It’s one of my all-time favourite Rogue Trooper stories, one of the very best from the classic run- I’d put it up there with “The Marauders,” “Fort Neuro,” “Eye of the Traitor,” etc. Superb Cam Kennedy art on an action-packed story in which the status quo is suddenly turned upside-down- there’s a death and a return, a terrible betrayal, and all sorts of dark hints about what might be going on back on Milli-Com. But having set all this up and then given us so many questions to ponder, the conclusion – epic though it is – gives us precious few answers, and there are no long-term implications as the strip continues, it’s almost as if the events hadn’t happened.
I’ve been thinking about it all these years, largely because it’s so powerful, and I eventually decided that I could get a pretty decent story by coming up with answers of my own.

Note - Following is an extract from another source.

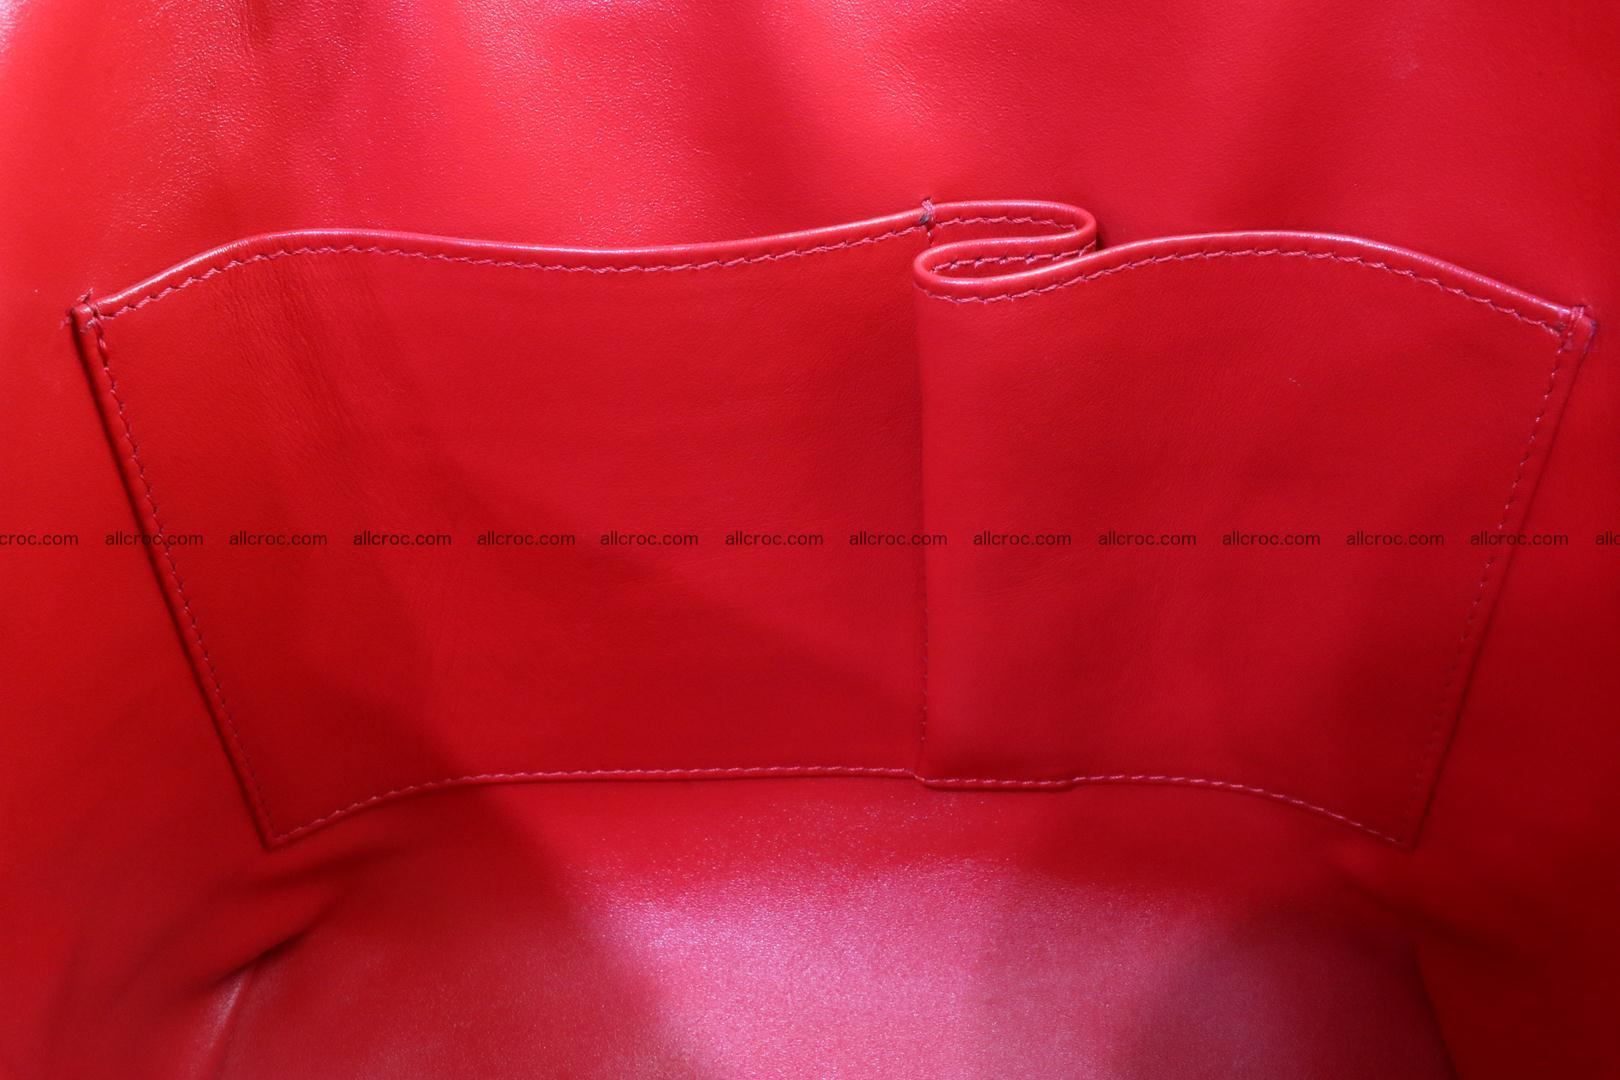 Genuine crocodile handbag for ladies 044 Foto 15

We’ve also just found out that you’re working with Henry Flint on a Strontium Dog story this Christmas. Can you offer any hints as to what that’s about?”
“Doghouse Roses” sees a pair of mutant civilians from Milton Keynes visiting the base of the Search/Destroy Agency, intent on making a fly-on-the-wall documentary about their Strontium Dog heroes. You’ll see all the old favourites- Johnny & Wulf, obviously, but also Middenface, the Torso from Newcastle, Evans the Fist, Spud Murphy, the Stixes and more- but from a point of view that may seem a little unfamiliar.
There’ll also be some odd goings-on in the showers, a CUR prisoner we’d all like to see the back of, and a brief discussion on the future of the ancient English county of Durham. Oh my poor heartses, etc etc.
And Henry is, of course, knocking it out of the park.